Monday, September 28, 2015

Jottings on the Two Methods of Teaching Philosophy

Increasingly I have come to think that in the classroom there are two and only two genuine ways of teaching philosophy, that is, ways of teaching philosophy that are actually appropriate to philosophy itself. (There are other ways to teach philosophy in other contexts, and definitely other ways to do philosophy; but our contemporary expectations about classroom education considerably constrain what can be done.) One can be called the Natural Method, after the approach to language education of the same name. If you take a language course taught according to the Natural Method, you are plunged into the language immediately: you begin with a lot of basic interaction in the language you are learning and you build on that. There is certainly something equivalent to that in philosophy; you can find the classic examples of how to do it in Plato's dialogues.* The other method is the Historical Method, and it is precisely what it says on the tin: you learn schools, thinkers, and their interactions through time, and all that goes with them. All other approaches, when examined closely, turn out to be home-brew hybridizations of these. (And, indeed, I think common classroom expectations make it very difficult to stick only to one -- in practice it's most common to structure the course by Historical Method and fill in parts of that structure with the Natural Method. The danger here, of course, is that they can be meshed in ways that fail to do justice to either.)

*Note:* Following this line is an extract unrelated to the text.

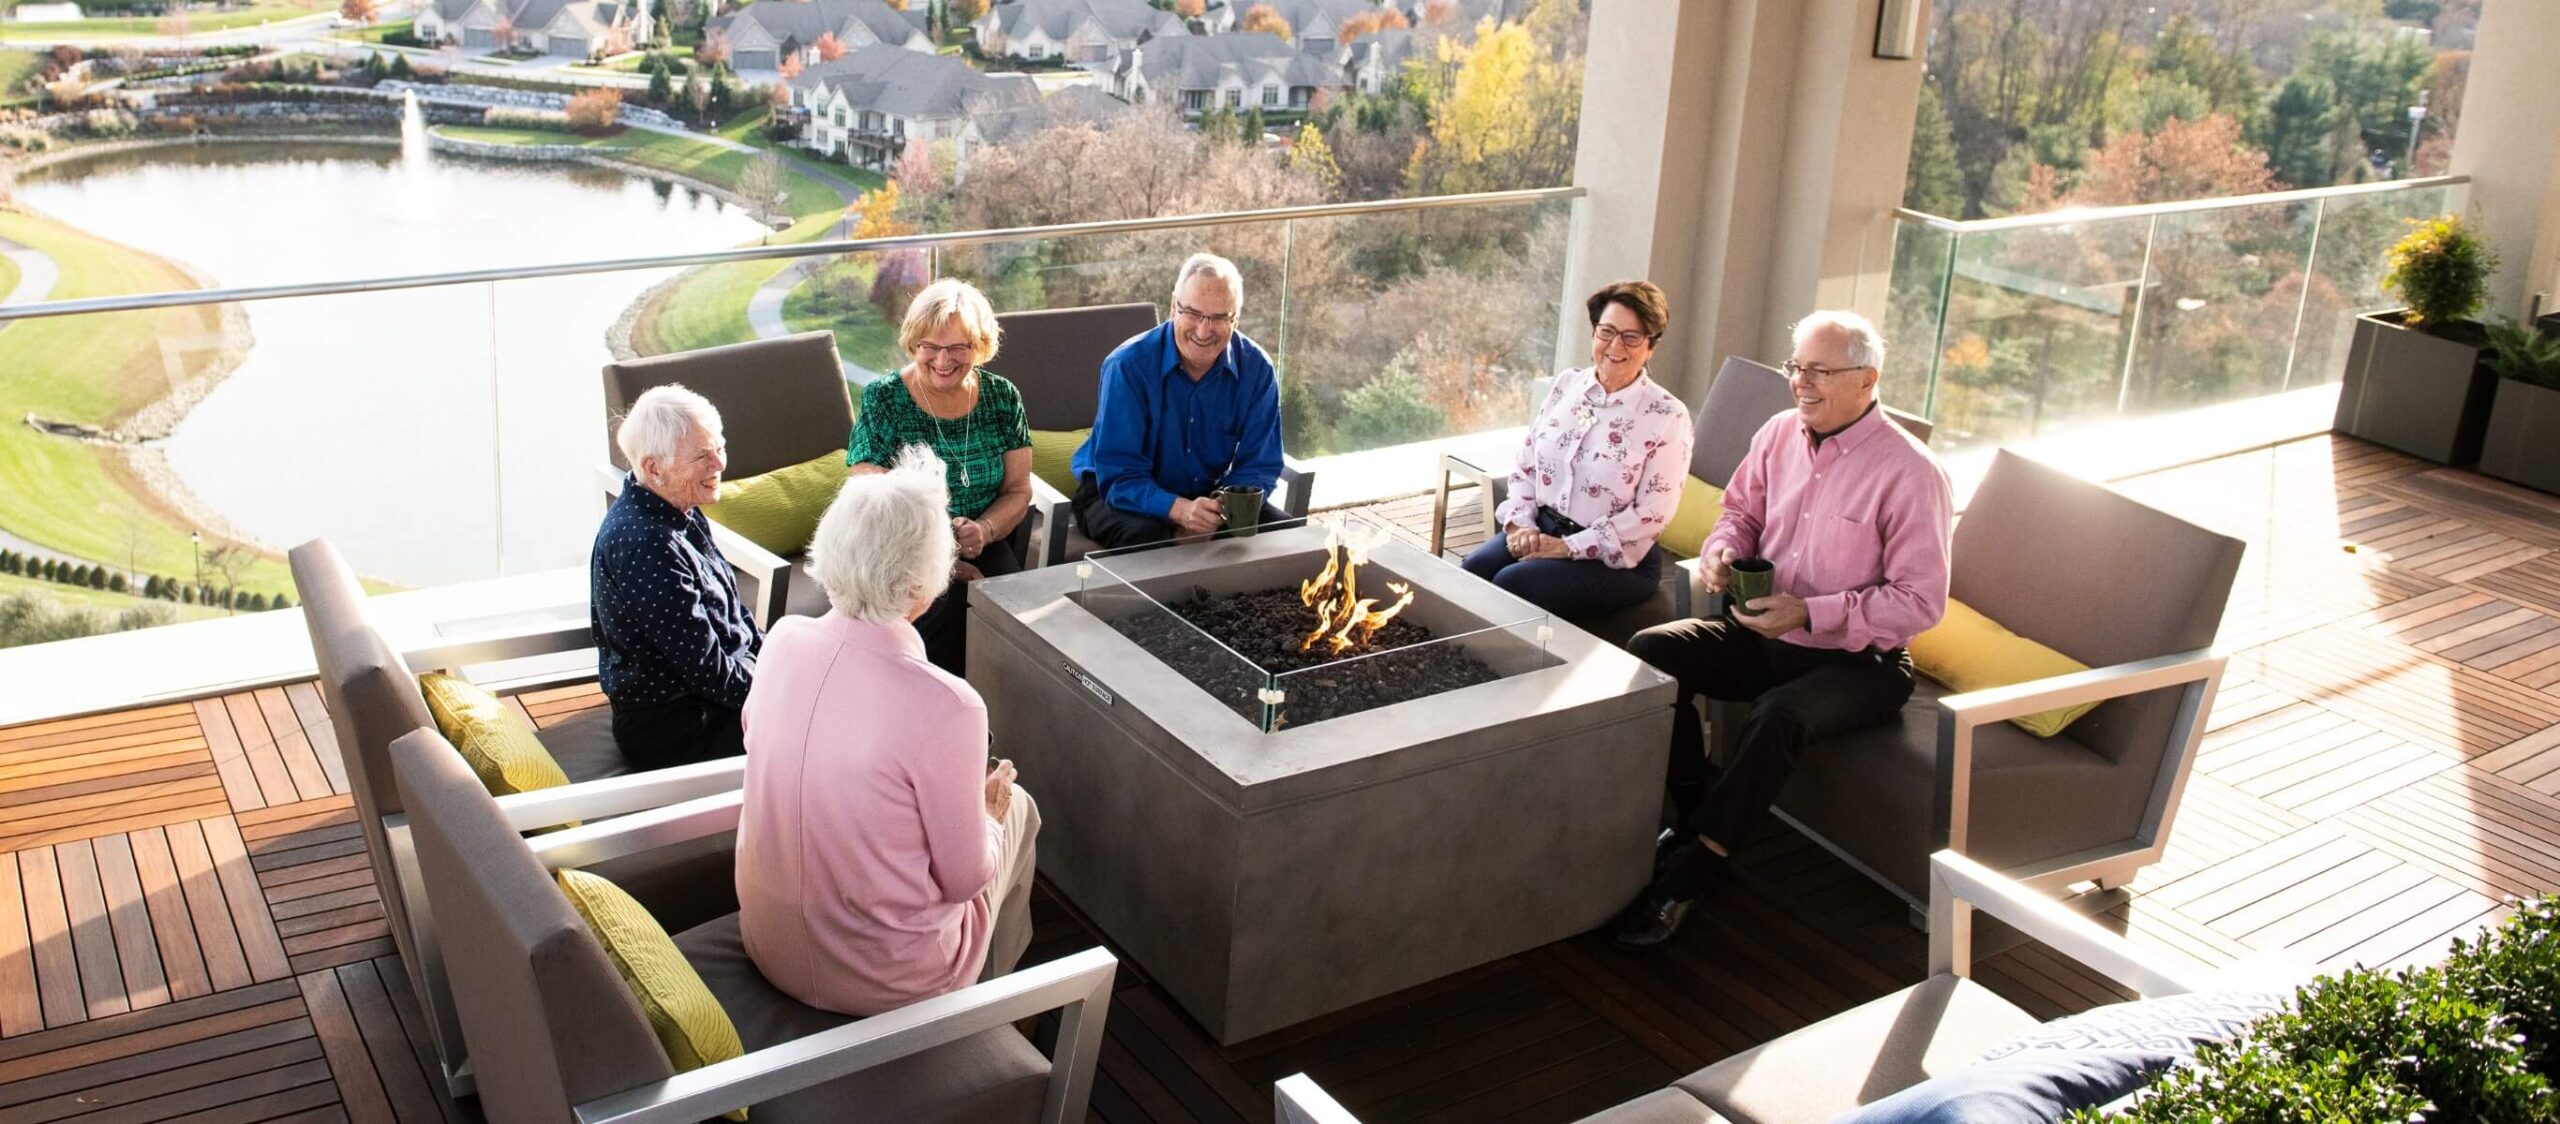 A group of elderly people enjoying independent living by sitting around a fire pit.

There is a common distinction made by academic philosophers between 'doing philosophy' and 'studying philosophy'. In reality, nothing seems to justify such a distinction. If you are studying, say, Plato, this requires 'doing philosophy' -- you won't even understand Plato if you don't 'do philosophy' in reading him. This, indeed, is a very Platonic idea itself: Learning about philosophy requires learning how to philosophize. And, of course, for students (and teachers, who are, after all, just students farther along), 'doing philosophy' is not possible without 'studying philosophy'. Both the Natural Method and the Historical Method are ways of both 'doing philosophy' and 'studying philosophy'. It is always important to insist on this; people with less taste for the latter have a bad habit of treating the Historical Method as somehow a defective way of teaching philosophy, as if it were 'studying' without the 'doing'. This is a problematic assumption. Likewise, the Natural Method does not somehow get behind and around 'studying philosophy' to 'doing philosophy'; it requires 'studying philosophy' as much as the other, and the only question is how widely one's study will go.

* This is not the same as a focus on problems. The common distinction between 'problems' approaches and 'historical' approaches is a distinction between historical approaches, with one based on themes and one based on interactions. It's somewhat unfortunate that this distinction tends to be formulated the way it does, since it leads 'problems' people to think they are not doing historical work, thus increasing the amount of bad historical work that is done. Philosophical problems are things with a history, and the history is not incidental to what they are and how they are formulated. The only question is how much you are assuming without evidence.